Addressing the issue of the African roots of anti-slavery music and their interconnection, particularly in the case of Gnaoua in Morocco, Izaline Calister told Yabiladi that “this tells us, throughout history, that we can try to destroy populations, communities, but that through the artistic expression that music allows, people always find a way to give themselves strength, courage and determination to stick to their values, to overcome their collective pain and drama.” “In my opinion, music has served this purpose for several centuries. From Africa, several groups of people have been uprooted and taken somewhere else, but they have never forgotten who they are,” the artist added.

Ph. Peter Putters, Musica Mundo – Rhythms of the World

For Izaline Calister, “music also tells us this: looking more closely, we realize that each of these populations of African origin has taken their music with them. Then, depending on where she lived, she adapted these sounds to local or regional specificities. “This is why we find elements in common in all of this music, everywhere in the world. This is what gives people a power of resistance and a means of expression to tell their stories, as in a form of communion on a global scale,” she told us.

A musical journey through history, rhythm and harmony

In the second part of this screening session, the second documentary shown is “Nomads in Music”, the four-handed work of Thijs Borsten and Hassan Elammouri. Also in the form of a musical road movie, the film offers an immersion in the Saharan sounds of Morocco. The cultural programmer took Thijs there, to discover the group Tarwa’ N Tiniri, who also performed at Musica Mundo in 2022. As this journey progresses, it is an artistic questioning of the essence of music between rhythm and harmony which develops.

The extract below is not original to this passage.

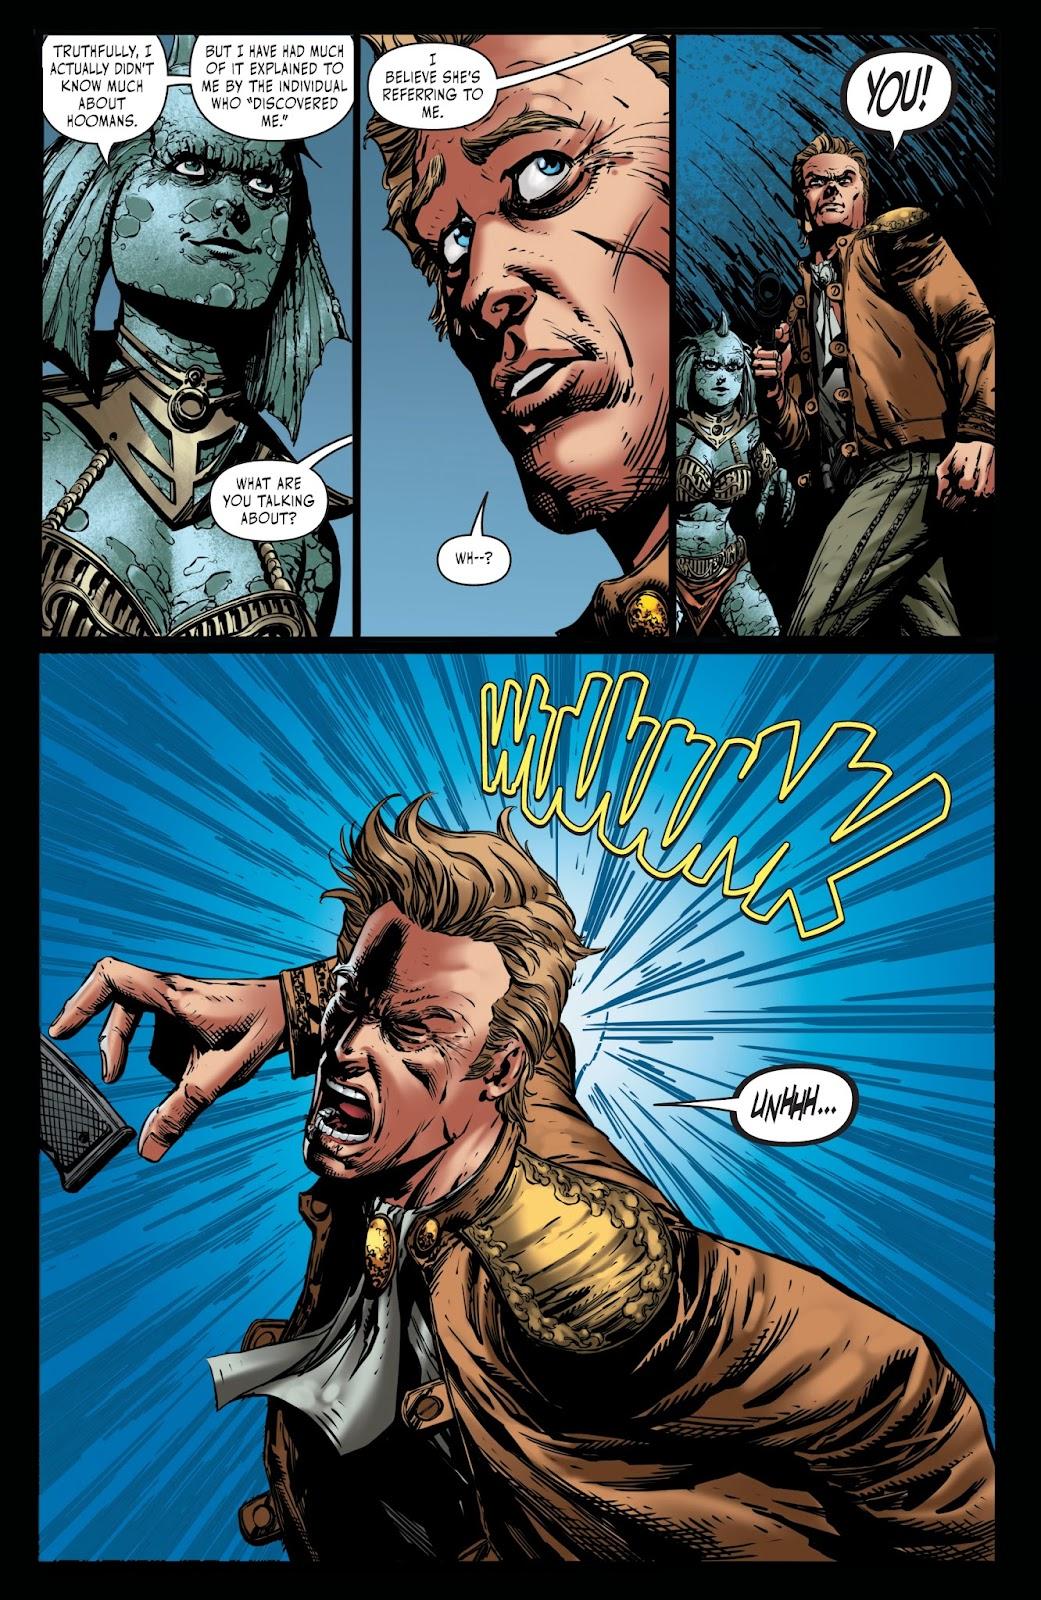 Battlestar Galactica BSG vs. BSG issue 1 - Page 18

“Most of the musical programming here in Europe remains based on harmony,” notes Hassan Elammouri, who says he wants to offer other colors than the commonly accepted “retromania.” “It seemed important to me to create a space of diversity, where harmony has its place, but also rhythm,” the cultural actor told us, who advocates this mix in this documentary as well as in the festival initiated by the foundation he created himself.

“In this configuration, it must be said that Africa remains an artistic cradle and a base for several forms of music par excellence. It is taken as a reference by all those who work on rhythms, without forgetting of course other artistic strongholds rich in ancestral creation, such as India, Asia, Jamaica and Latin America in general.

Hassan Elammouri

For the initiator of Musica Mundo, “it is all the importance of opening up to this whole, particularly in times of political divisions, in order to create a dialogue so that we can be close or in phase with music, and therefore cultures, even if they do not seem to us to be ours in the first place. In this same spirit, diversity as a richness as great as the world is celebrated in Amersfoort throughout this festival, as evidenced by the daily program of concerts.